Keywords

1 Introduction

Computer vision technology has played a powerful role in many fields [1, 2]. At present, object detection technology is widely used. The accuracy of object detector has a great influence on the accuracy of subsequent tasks based on object detection. In recent years, more and more excellent detectors have been proposed. According to different detection processes, the types of object detectors generally include one-stage detectors [3, 4] and two-stage detectors [5, 6]. Two-stage detectors predict boxes proposals and one-stage detectors slide several specific bounding boxes over the image and classify them directly. Whether one-stage detector or two-stage detector, most of them are anchor-based detectors. Specifically, they need to place many carefully set anchors on the image in advance. And it is very complex and needs to adjust the hyper-parameters of the anchors according to different datasets.

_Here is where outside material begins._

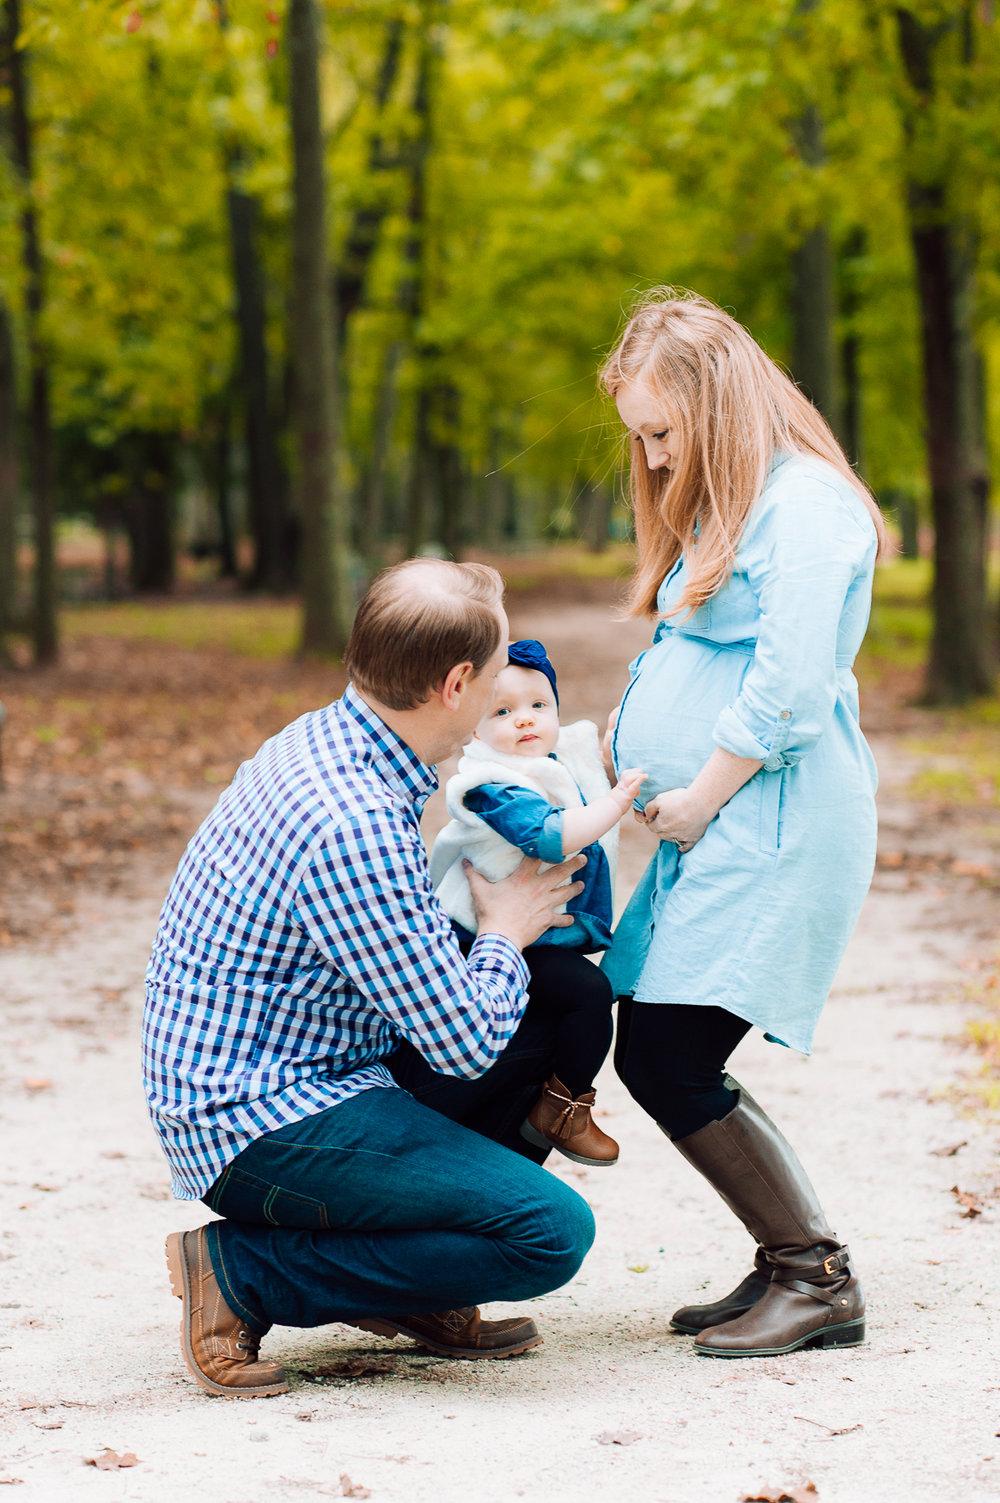 maternity_fallphotos_fredericksburgphotographer_leesylvania_youseephotography_Heather (6).jpg

Recently, anchor-free detector, as an emerging framework for object detection with a simple strategy and excellent performance, has received increasing attention. FCOS [7] is a widely used anchor-free object detector. It treats all samples in the ground truth as positive samples, and then obtains the distance from the center point to the four sides directly through regression. At the same time, FCOS adds a center-ness branch to obtain higher quality detection boxes. Another anchor-free object detector, CornerNet [8], detects two bounding box corners as keypoints.

Different from the above two anchor-free detector, CenterNet [9] only regards the center point of the object as the positive sample, and other points are regarded as positive samples, and then regresses at the center point to obtain the size of the object. CenterNet is simpler and faster because it only needs to detect all the objects of different sizes on a single high resolution feature map. However, CenterNet only obtain the feature map by upsampling the smallest high-level feature map for detection, but does not effectively use the low-level feature maps. The research of Li et al. shows that objects with different scales have different needs for the best receptive field of the network [10]. In addition, our investigation found that the receptive field of CenterNet is not enough to cover all objects’ scales.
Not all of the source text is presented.